As consequências no campo económico e financeiro das deficiências e erros do sector empresarial do Estado foram a estagnação tecnológica e organizativa, o marasmo na produtividade, a falta de inovação e a diminuição do investimento, a acumulação dos resultados negativos. O Estado, através do enorme incremento da dívida pública, suportou as repercussões dos maus resultados financeiros. A sociedade portuguesa, por sua vez, registou, em geral, na falta de progresso e nas perdas de oportunidades de aumento de riqueza, os custos do mau funcionamento do sistema.
A uma escala, apesar de tudo, mais reduzida, reproduziram-se em Portugal, no sector empresarial do Estado, as mesmas falências que são agora tão veementemente denunciadas nos diversos países do Leste Europeu e na própria União Soviética -por forma, aliás, tão comovente como temos tido oportunidade de testemunhar na televisão -, varridos que estão, pelos ventos da Perestroika, o leninismo e o estalinismo asfixiadores da liberdade.

Aplausos do PSD.

Sr. Presidente, Srs.
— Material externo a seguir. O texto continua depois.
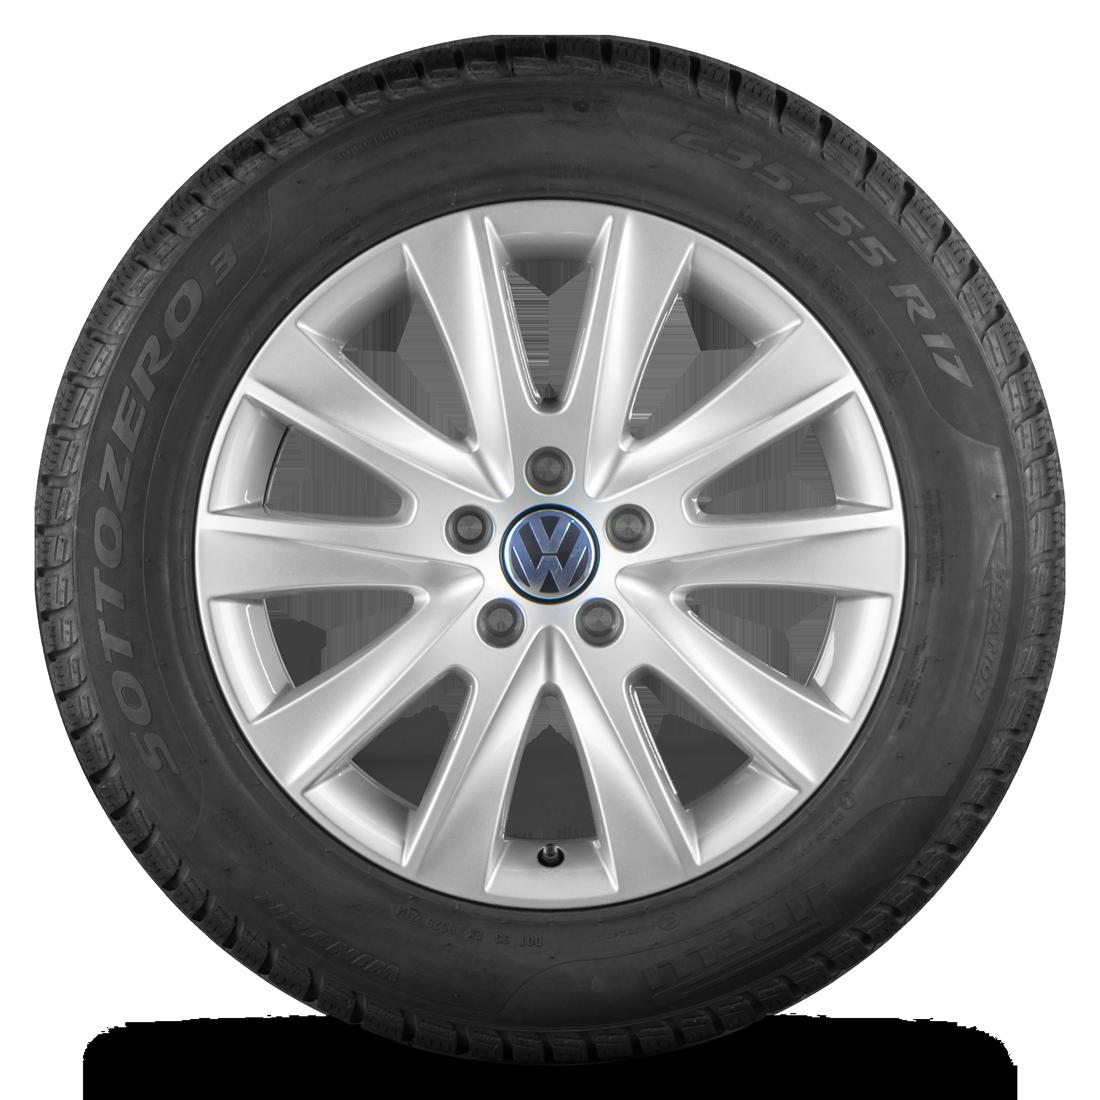 VW 17 Zoll Felgen Tiguan 5N Los Angeles Alufelgen Winterreifen Winterräder
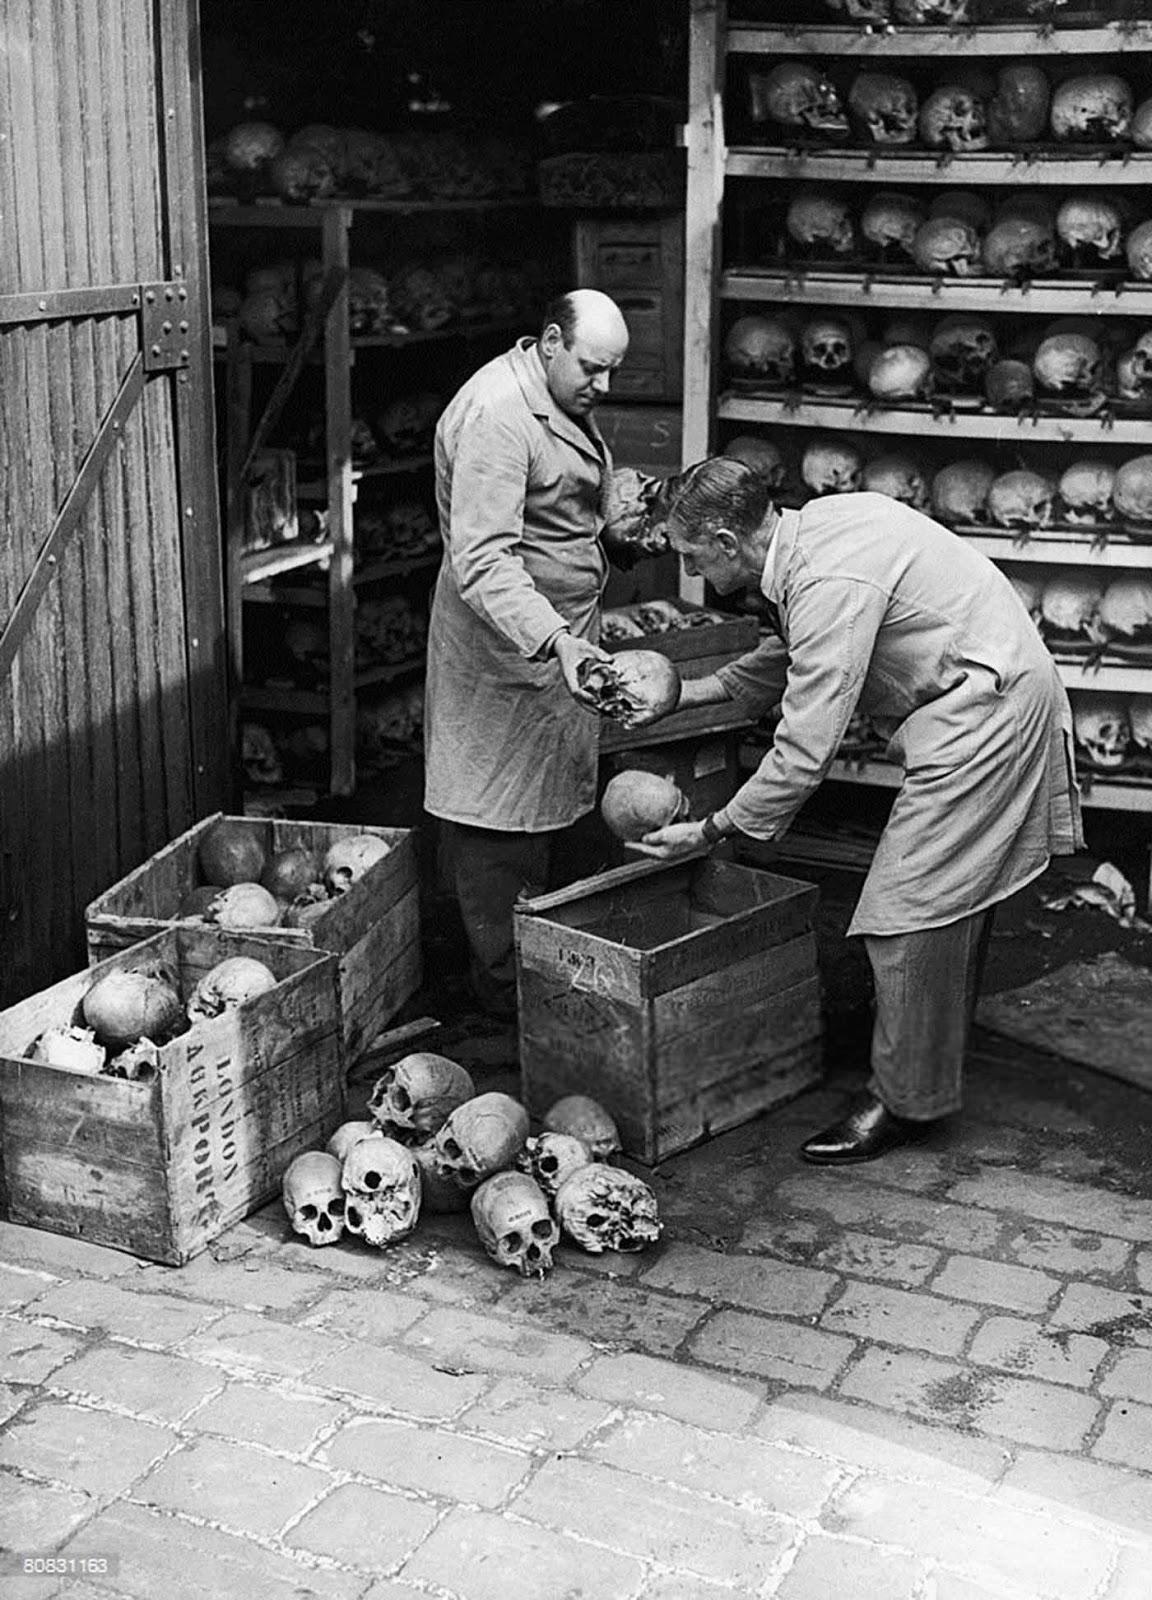 Unpacking human skulls, 1948.

Deputados: A nossa Constituição, que, num primeiro momento, acolheu, ao lado do princípio democrático e das suas concretizações, o princípio colectivista marxista, tardou em reconhecer o falhanço total dos desideratos revolucionários da construção de uma sociedade socialista segundo o modelo de Leste, com direcção central e planificada da economia e apropriação colectiva dos principais meios de produção, solos e recursos naturais.
A revisão de 1982, importante que foi, quedou-se pela extirpação do Conselho da Revolução e dos elementos espúrios à organização e funcionamento de um sistema político pluralista. Foi só depois de nos tornarmos membros de pleno direito da Comunidade Económica Europeia, com a revisão constitucional de 1988-1989, que ultimámos, em Junho passado, que a Assembleia da República, no exercício de poderes constituintes, praticou o acto verdadeiramente histórico e de superior importância política de declarar a caducidade do princípio socialista colectivista e daí extrair as necessárias conclusões. Uma das mais importantes é, certamente, a da possibilidade da reprivatização da titularidade ou do direito de exploração de meios de produção e outros bens nacionalizados após 25 de Abril de 1974, conforme dispõe o artigo 85.º, n.º 1, da Constituição. Essa reprivatização - diz o mesmo artigo - só poderá efectuar-se nos termos de lei quadro aprovada por maioria absoluta dos deputados em efectividade de funções. O artigo 296.º da nossa Lei Fundamenta], por seu turno, vem referir os princípios fundamentais que deverão ser observados na citada lei quadro.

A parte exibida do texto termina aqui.